Dielectric Capacitance of Parallel Plate Cap

[jesuslovesu]

Homework Statement

A parallel plate cap of cross sectional area A and thickness d is filled with a dielectric material whose relative permittivity varies from $$\epsilon_r = 1 to \epsilon_r = 10$$
Find the capacitance.

Homework Equations

The Attempt at a Solution

C = Q/V

E = $$\sigma / e0 \epsilon_r$$

I am thinking that since V = $$- \int{}{} E dot dl$$ I need to integrate, I can't quite figure out the relationship between this though.

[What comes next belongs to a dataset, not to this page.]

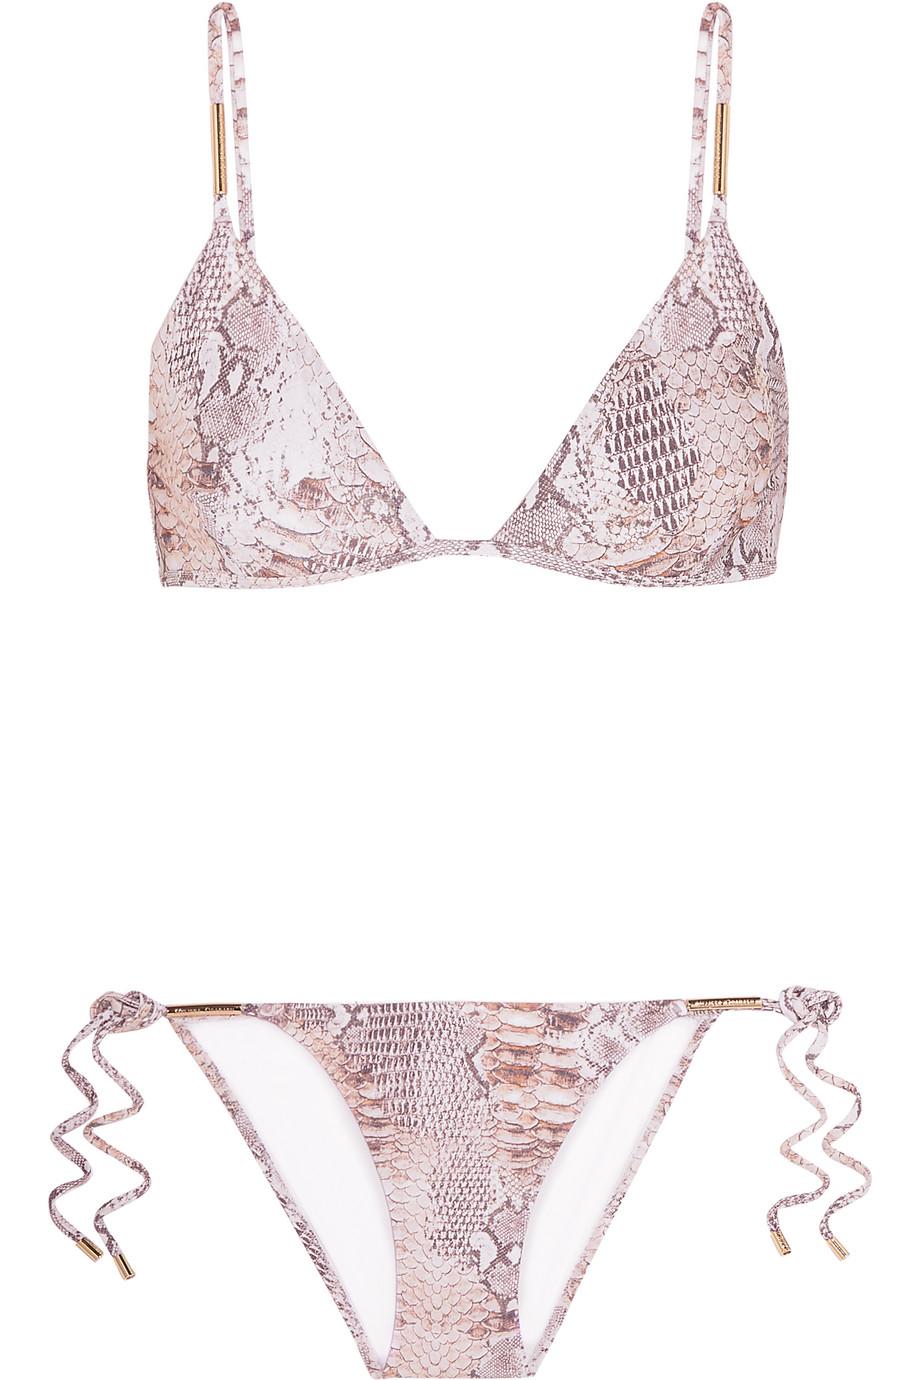 Melissa Odabash Verona Snake-Print Triangle Bikini, Ecru/Snake Print, Women's, Size: 6
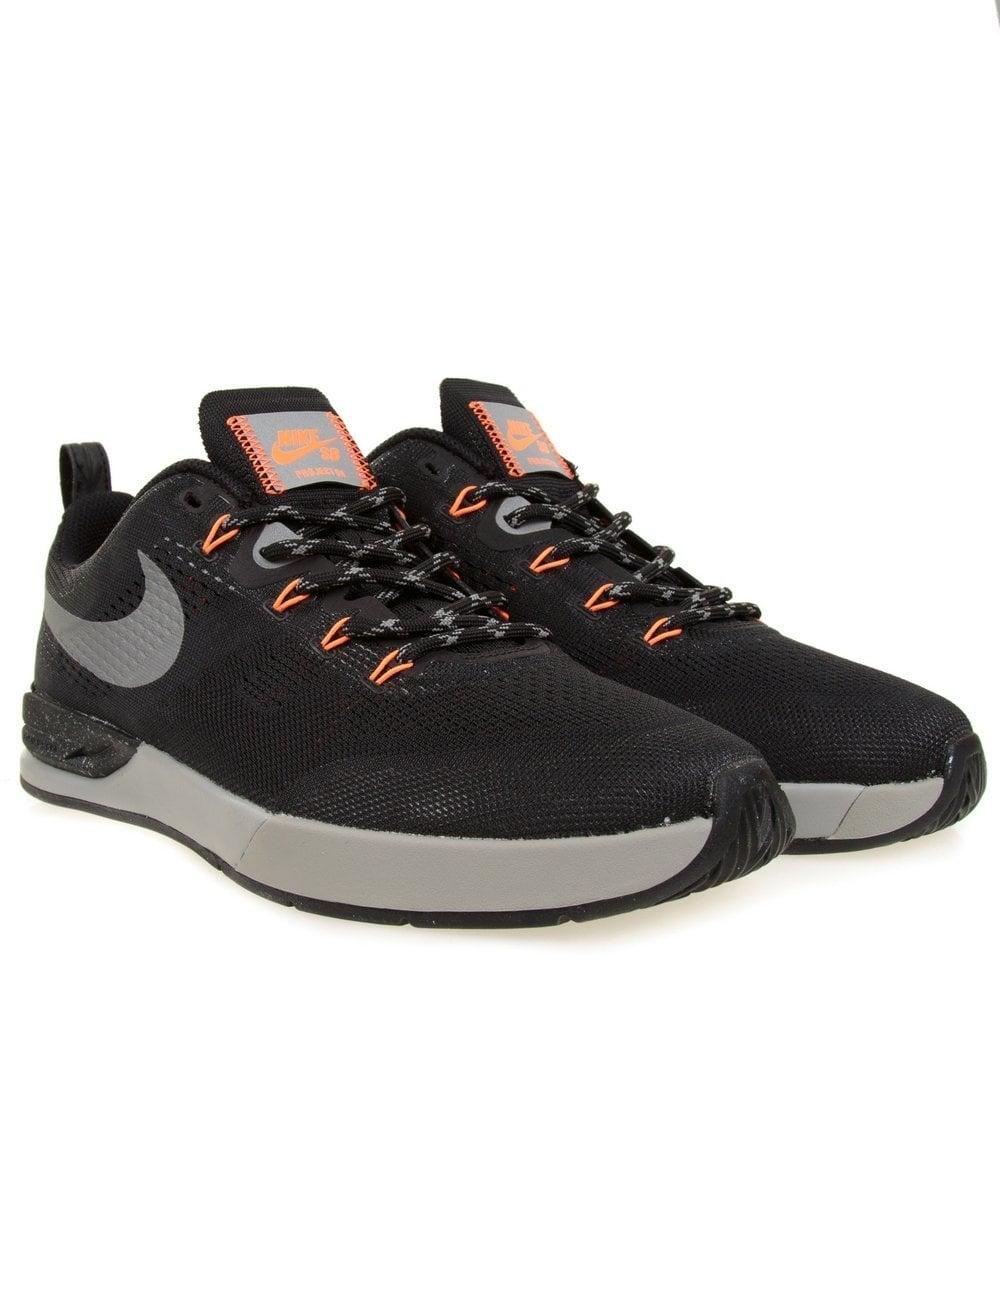 d954fef45283 Nike SB Project BA R R - Shield Black Silver Reflective - Footwear ...

I kind of would like to just evaluate the from 10 to 1 and get C = 9 A e0 / d but that isn't quite it.
C = 9A e0 / d is close to the answer, but somehow a ln sneaks in there too?

 

[olgranpappy]

how does the dielectric vary from 1 to 10? linearly?

 

[olgranpappy]

Homework Statement

A parallel plate cap of cross sectional area A and thickness d is filled with a dielectric material whose relative permittivity varies from $$\epsilon_r = 1 to \epsilon_r = 10$$
Find the capacitance.

Homework Equations

The Attempt at a Solution

C = Q/V

E = $$\sigma / e0 \epsilon_r$$

I am thinking that since V = $$- \int{}{} E dot dl$$ I need to integrate

no
$$V=\int \vec E \cdot d\vec \ell=\int_{x=0}^{x=\ell}\frac{D}{\epsilon(x)}dx=D\int_{x=0}^{x=\ell}\frac{1}{\epsilon(x)}dx$$
and if eps varies linearly one does end up with a log term in the capacitance. (here D=\epsilon E is the electric displacemnt field)

I kind of would like to just evaluate the from 10 to 1 and get C = 9 A e0 / d but that isn't quite it.
C = 9A e0 / d is close to the answer, but somehow a ln sneaks in there too?[/QUOTE]

 

[jesuslovesu]

Yes, sorry it's linearly.


Cool thanks, I'll give it a shot now.